Mark Yeager - President, COO
It would be fairly similar. You know, I think the one dynamic that's changed our mix a little bit is the growth we've enjoyed in local east. At that time, local east was maybe 25% of our business, and now it's 32%. So, that would have the effect of -- that would mean that that peak impacts a little bit less of our business than it would have historically in 2005. But relatively speaking, it would be similar.
Dave Yeager - Chairman, CEO
Right, because please keep in mind that the peak surcharges apply only to business that's out of California and out of Mexico. So, the remainder of the business, both the westbound into California, et cetera, had no peak increase, and that's why it only impacted 23% of our business.
Art Hatfield - Analyst
Got it. Got it. And then, just one last question, and I don't know if or how you want to address this, but Terri, when you went through your kind of list of uses of cash and how you think about going forward, I don't think you mentioned anything about the potential for dividends. Can you talk about what may happen in the future or what needs to happen for the Company or for the Board to get more interested in paying out a regular dividend?
Terri Pizzuto - CFO, PAO, EVP, Treasurer
Yes, it's something, you are right, that we would discuss with the Board, and it really, given that we may need cash for containers or to buy a company or to buy property to support our drayage operation, that's going to -- we want our cash for that rather than a dividend right now.
Art Hatfield - Analyst
Got it. That's all I've got. Thank you.
Operator
(Operator Instructions). Scott Group, Wolfe Trahan & Co..
Scott Group - Analyst
Just one real quick follow-up on the new boxes. Is it a fair way to think about it, 3,000 new boxes off a base of about 18,000 this year that you're thinking double-digit plus volume growth or -- for next year or should we be thinking about it more off the 70,000 base, including EMP and UMAX?
Terri Pizzuto - CFO, PAO, EVP, Treasurer
We stay away from volume growth predictions because we're not so good at that.
Dave Yeager - Chairman, CEO
We're not good with it, but we obviously feel as though we will grow volume next year. (Multiple speakers)
Scott Group - Analyst
But directionally, how should we think -- do you think about needing 3,000 off of a base of 20 or off of a base of 70 to fulfill what you are hoping for?
Dave Yeager - Chairman, CEO
We look at it off of a base of 20.
Scott Group - Analyst
Great.

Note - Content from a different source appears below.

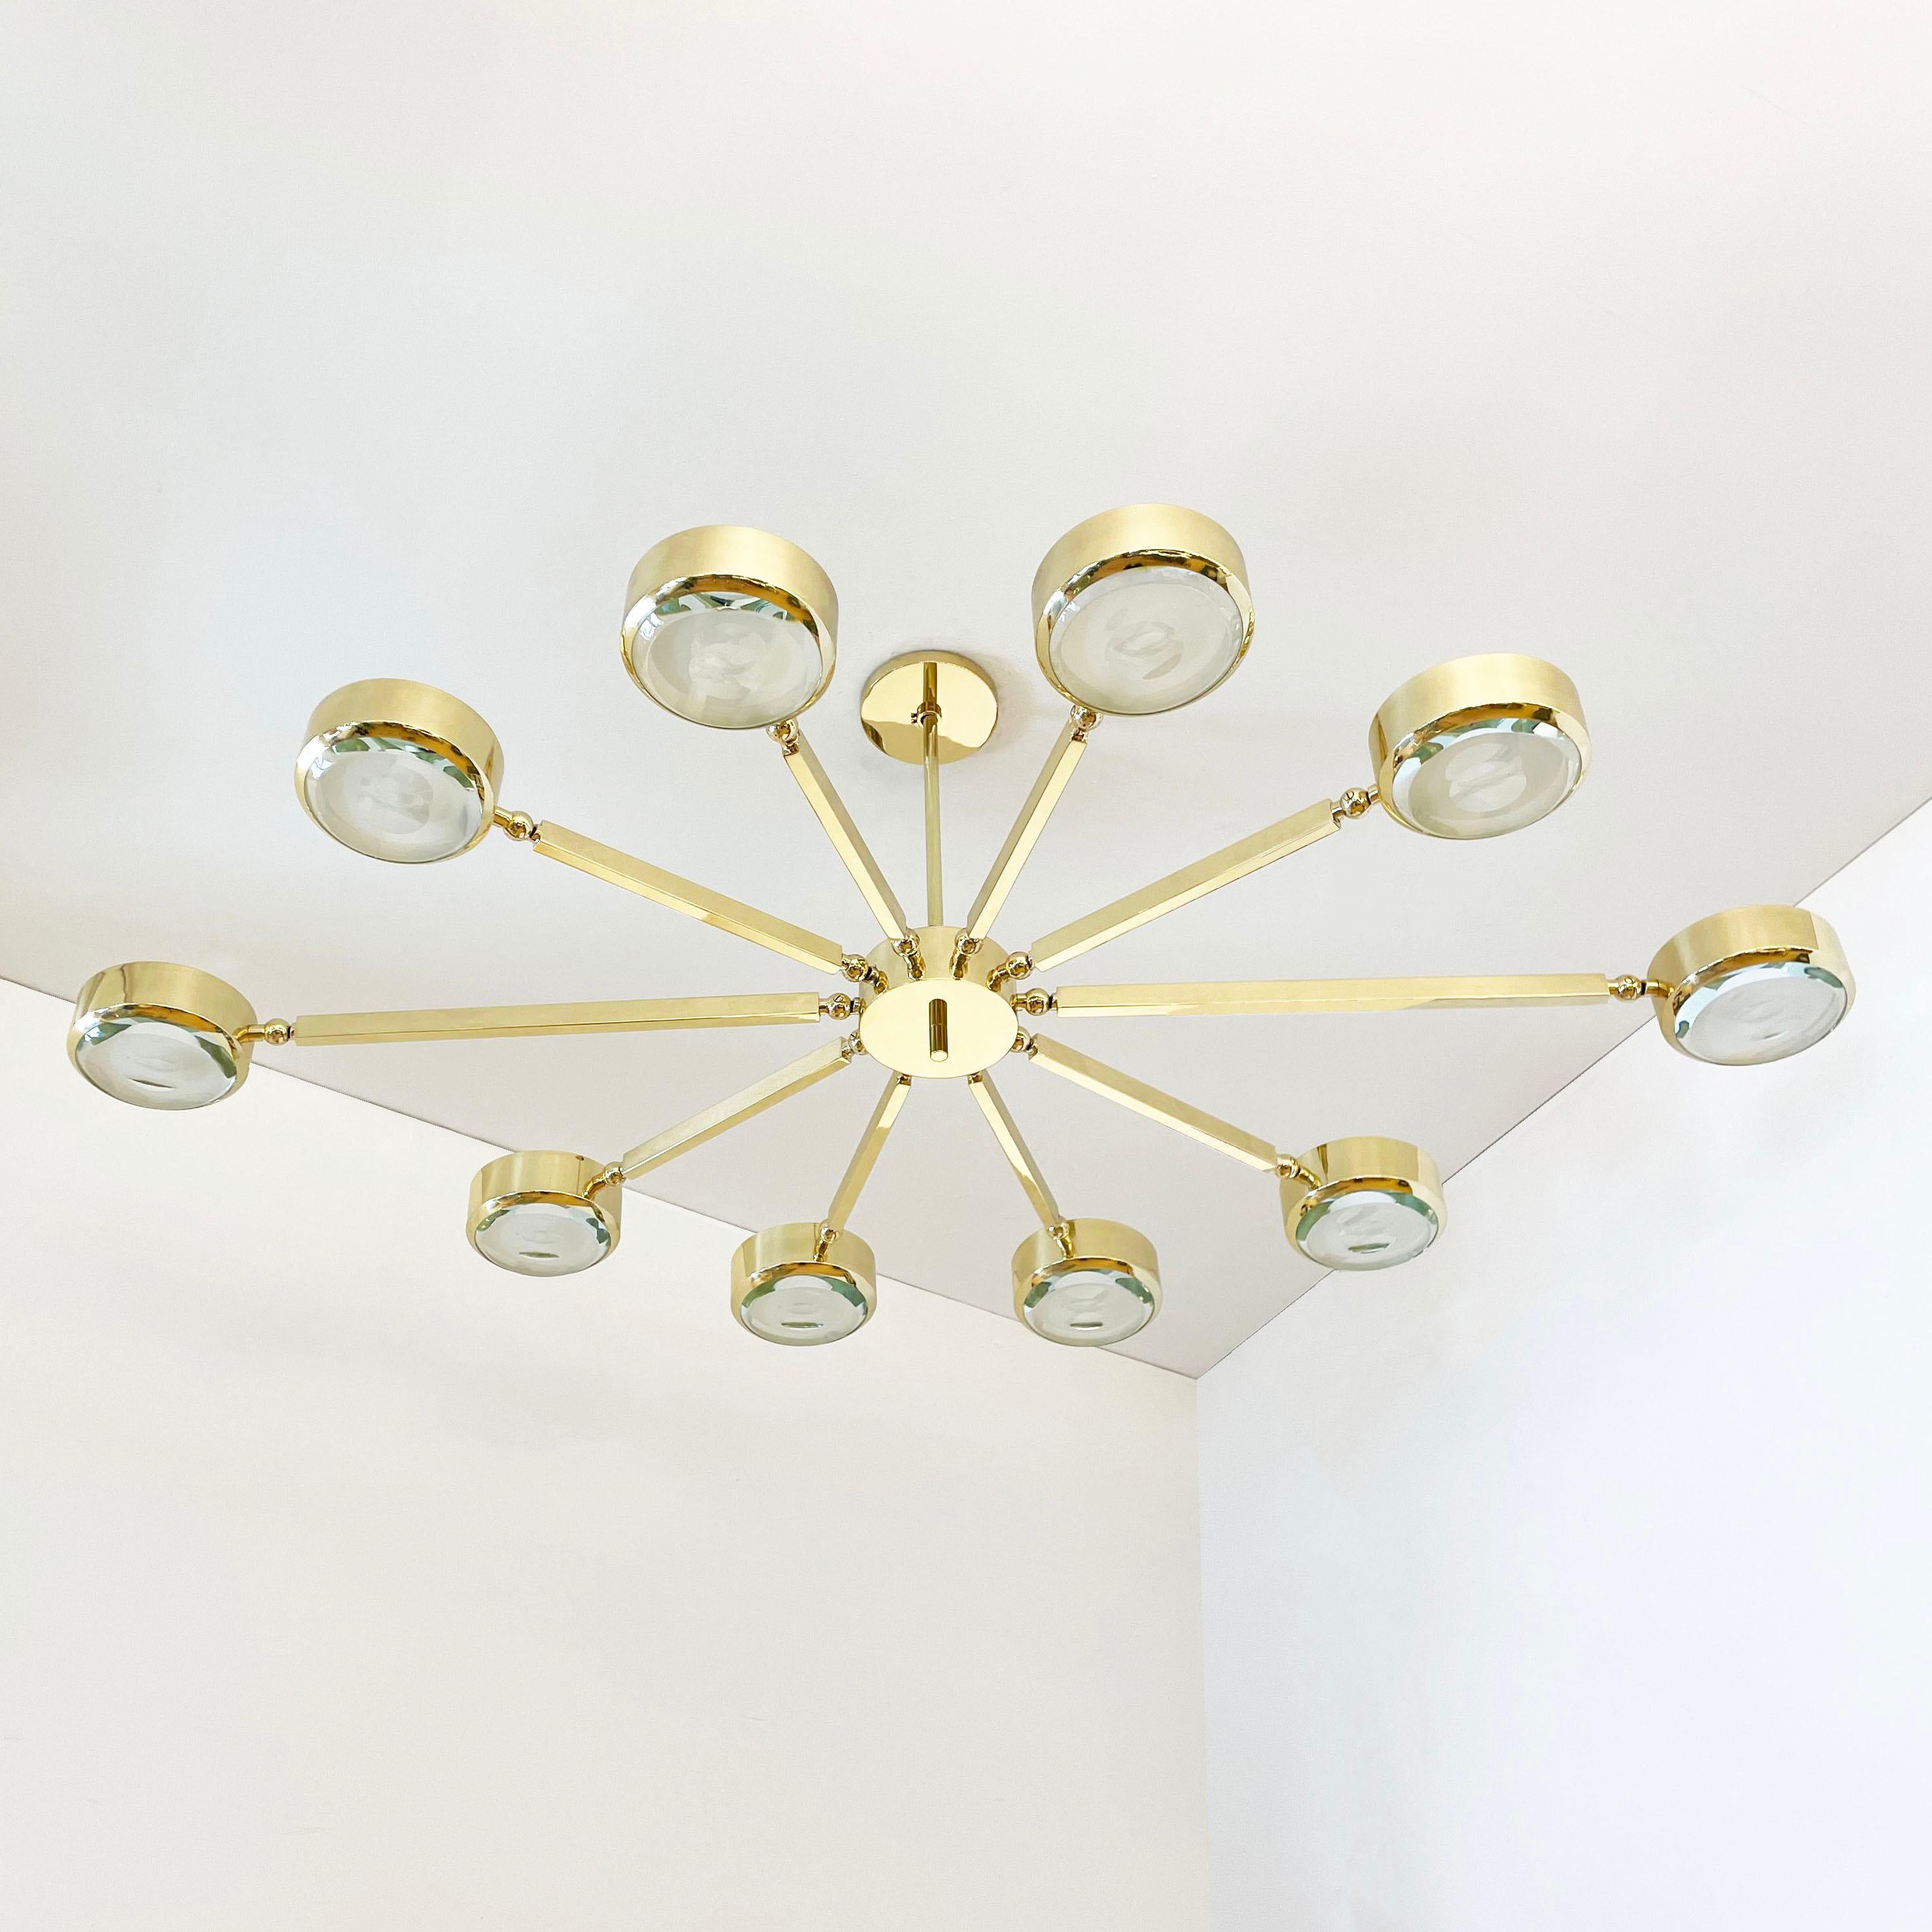 Oculus Oval Ceiling Light by Gaspare Asaro- Polished Brass with Carved Glass In New Condition For Sale In New York, NY

Thank you, guys.
Operator
This concludes our question-and-answer session for today. I would now like to turn the conference back to Mr. Yeager for closing comments.
Dave Yeager - Chairman, CEO
Thank you for joining us for our third-quarter conference call. As always, if you do have any additional questions, et cetera, please feel free to call us. Thank you.
Operator
Ladies and gentlemen, thank you for participating in today's conference. This does conclude the presentation. Thank you for your participation. You may now disconnect and have a great day.